Which can read images, PDFs, audio or video?
GLM-5.2 accepts text; GLM-5.3 accepts text. They handle the same number of input types.
Are any of these open source?
Yes, both publish their weights, so you can self-host them.
Which is newer?
GLM-5.3 is the newest, released Aug 14, 2026. GLM-5.2 came out Jun 13, 2026.

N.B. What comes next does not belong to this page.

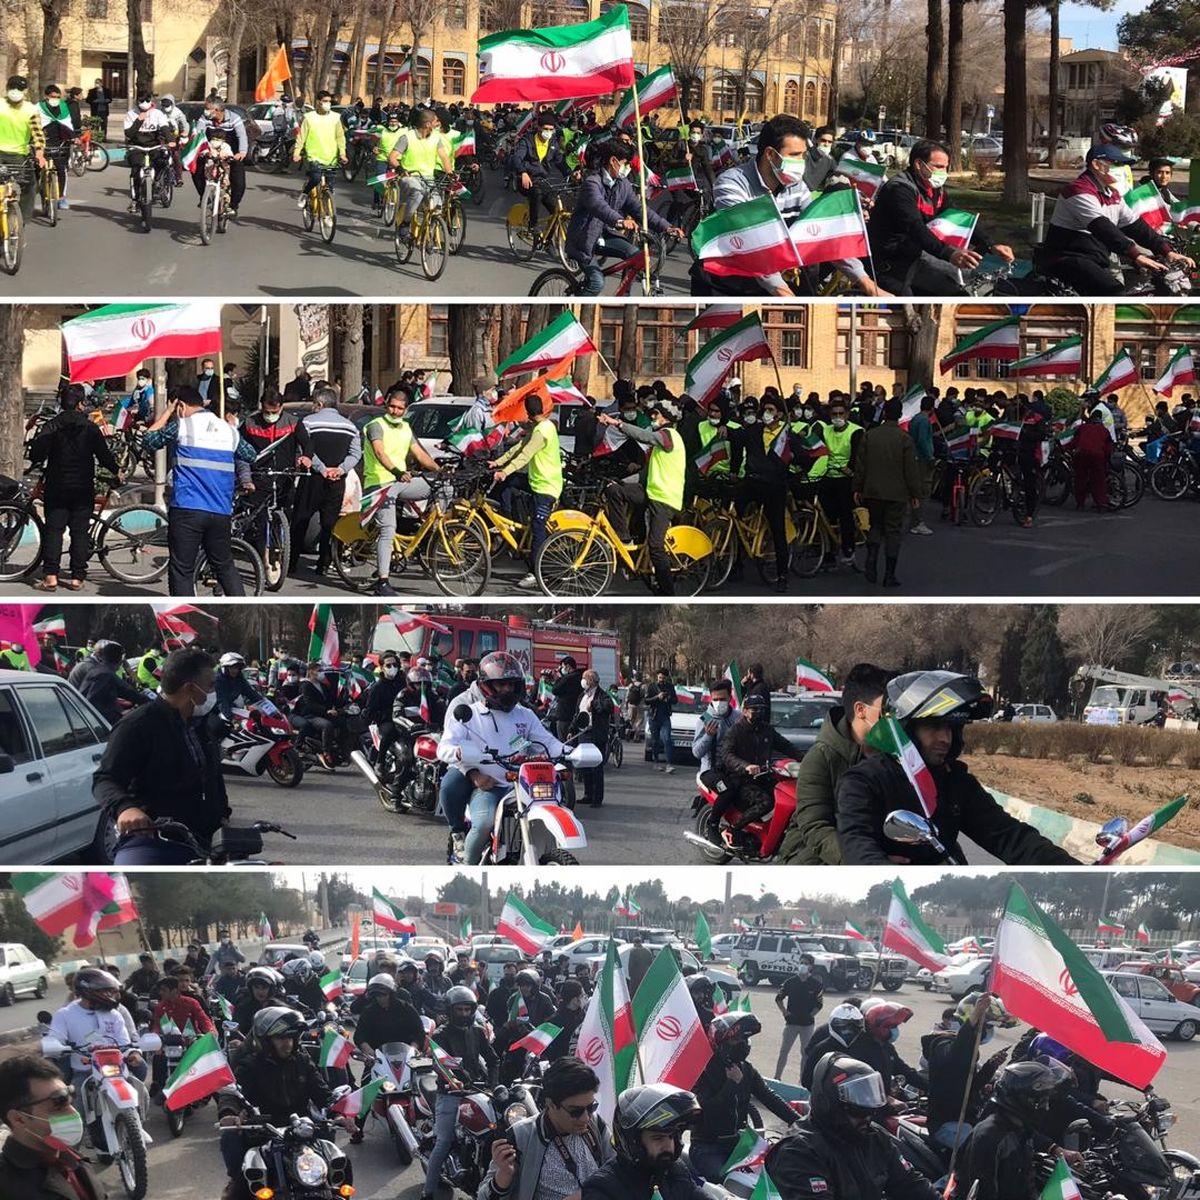 انقلاب اسلامی ایران، مردمی ترین و بزرگترین انقلاب است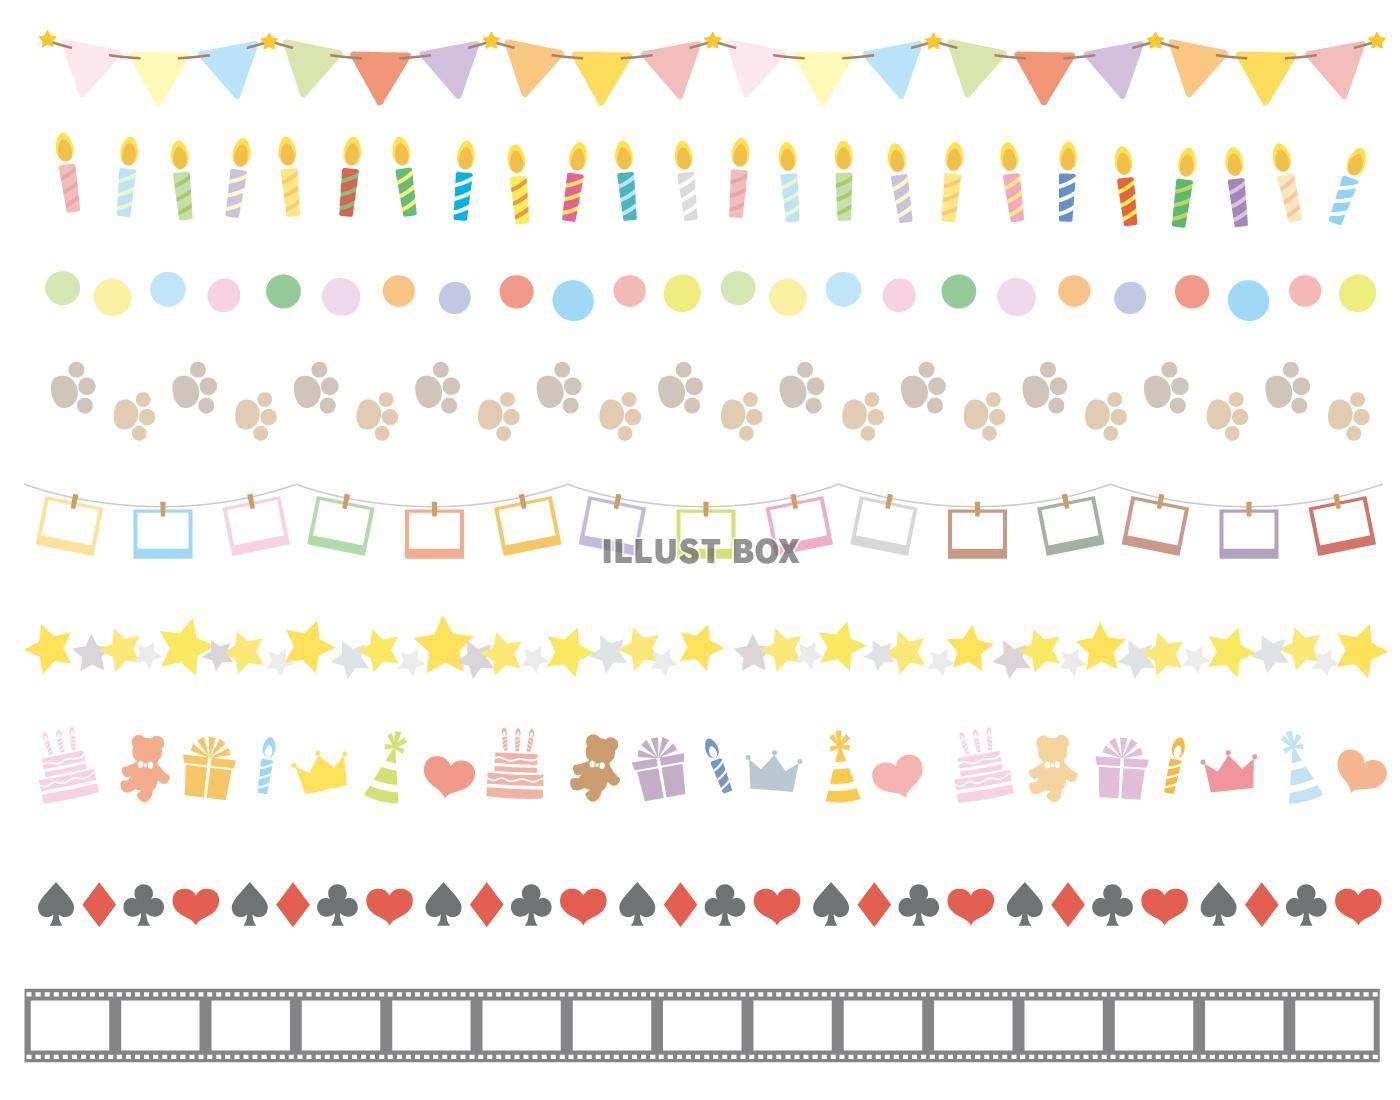 誕生日の可愛いイラストが無料 イラストボックス

How do you decide the winner?
Each model gets a 0–100 score on capability (50%, independent benchmark results); price (25%, blended price per million tokens (3 input : 1 output), log scale); inputs & features (15%, image, PDF, audio and video input, tool calling, structured output and reasoning); context window (10%, maximum tokens per request, log scale). Dimensions missing for any model are dropped and the remaining weights rescaled, so every model is judged on the same evidence. Specs and prices come from public model listings and the labs’ own API pages; capability scores come from independent benchmark runs. Data updated Oct 4, 2026.